How Netflix Ensures Highly-Reliable Online Stateful Systems

12 Mar 2024 (over 1 year ago)

Reliable Stateful Systems

Reliable stateful systems ensure successful read and write operations with expected consistency models, within designated latency service level objectives, and always in a reliable state.
Different failure modes in stateful services require different solutions.
Netflix focuses on building reliable stateful servers, pairing them with reliable stateful clients, and designing APIs to use reliability techniques.

Netflix's Techniques for Reliable Stateful Services

Netflix uses a combination of techniques to achieve reliability for its stateful services, including:
- Decoupling the stateful process from the OS kernel.
- Using snapshot restoration to move state between instances quickly.
- Monitoring drives and JVMs for potential problems.
- Limiting the frequency of maintenance operations.
- Using in-place imaging to roll out software changes faster.
Netflix also uses caching to improve the reliability of its stateful services.
- Caches are treated as materialized view engines and are highly reliable.
- Caches are placed in front of services to protect them from load.
- Netflix has developed a technique called total near caching where the source of truth data store is not involved in the read path.
Netflix uses a number of techniques to make its stateful clients reliable, including:
- Signaling service level objectives per namespace and access pattern.
- Hedging requests.
- Using exponential backoff.
- Load unbalancing.
- Setting concurrency limits.
Compression reduces bite scent, adds useful properties like checksumming, and improves reliability by reducing the chances of SLO (Service Level Objective) busters.
SLOs define target and maximum latency objectives for services, and communicate concurrency limits to clients.
SLOs can be tuned based on namespace, client, and observed average latency.
Hedging involves sending multiple requests to different servers to improve reliability and meet SLOs.
Dynamic hedging adjusts the hedging strategy based on whether the client is likely to get a positive result.
Concurrency limiting prevents too much load from going to backend services.
GC-tolerant timers are used to prevent incorrect timeouts caused by garbage collection pauses.
Load balancing strategies like choice of two and weighted choice of N are used to avoid slow servers and improve latency.
Weighted choice of N exploits a priori knowledge about networks in the cloud to route requests to the closest replica.

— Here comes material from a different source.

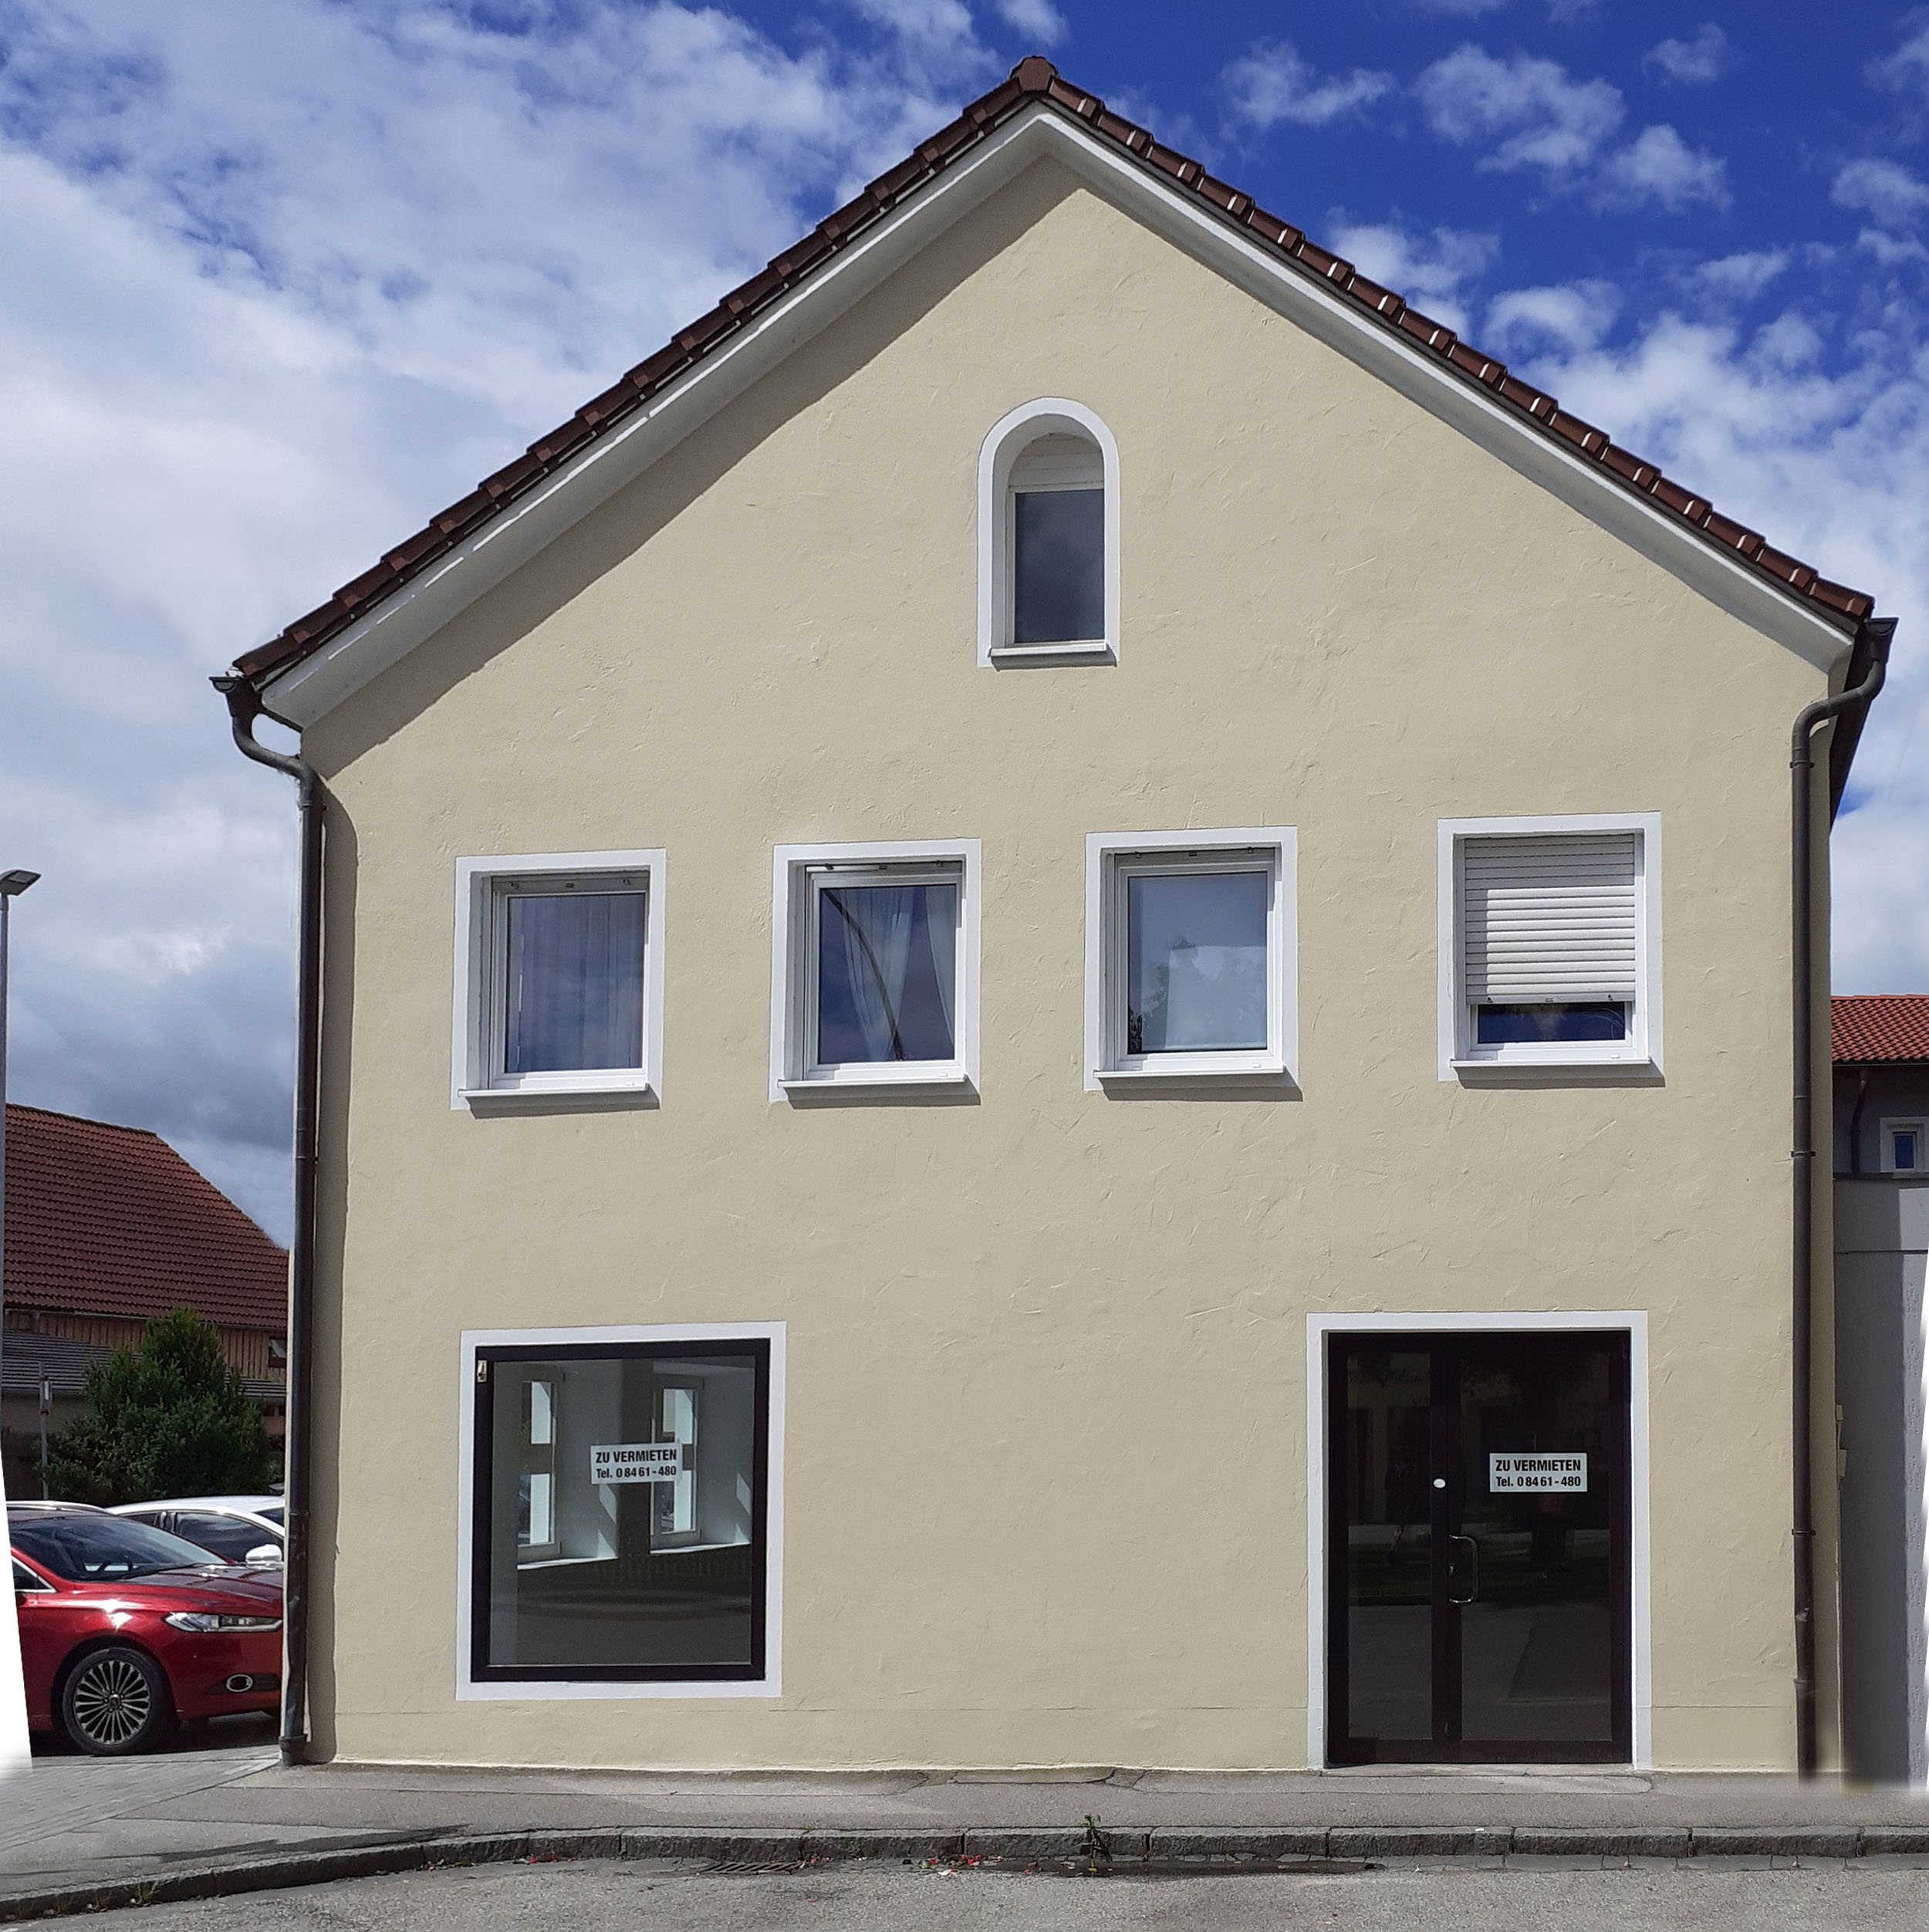 Leerstand Gewerbeimmobilie in der Ringstraße Beilngries

Resilient Stateful APIs at Netflix

The video discusses techniques for building resilient stateful APIs at Netflix.
The key techniques mentioned are hedging, retrying, and breaking down work into smaller units.
Item potency tokens are used to ensure that mutable APIs are safe to retry.
Different types of item potency tokens are discussed, including client monotonic clocks, regional isolated tokens, and global isolated tokens.
The reliability and consistency trade-offs of different item potency token types are explained.
Real-world examples of how these concepts are applied in Netflix's key-value and time-series services are provided.
The importance of measuring and understanding the behavior of clocks in distributed systems is emphasized.
The video concludes by discussing how these techniques are implemented in Netflix's stateful APIs, including the use of paginated APIs and dynamic concurrency control for scans.
Item potency tokens are used to ensure idempotent writes and avoid duplicate operations.
Large responses are broken down into multiple pages to improve throughput and meet service level objectives (SLOs).

Additional Techniques

Decommissioned instances are detached but not terminated immediately to prevent them from re-entering the fleet.
Pre-flight checks help reject degraded hardware from re-entering the fleet.
Netflix targets an 80/20 split, with 80% of services using abstraction layers and 20% accessing storage engines directly.
Netflix provides a 25-page memo to users who access storage engines directly, outlining best practices for item potency, data store backups, and avoiding data loss.
Netflix offers data store client libraries in all major supported languages.
Netflix encourages users to use APIs with built-in item potency and resiliency techniques.
Netflix sometimes contributes resiliency techniques back to the open-source community.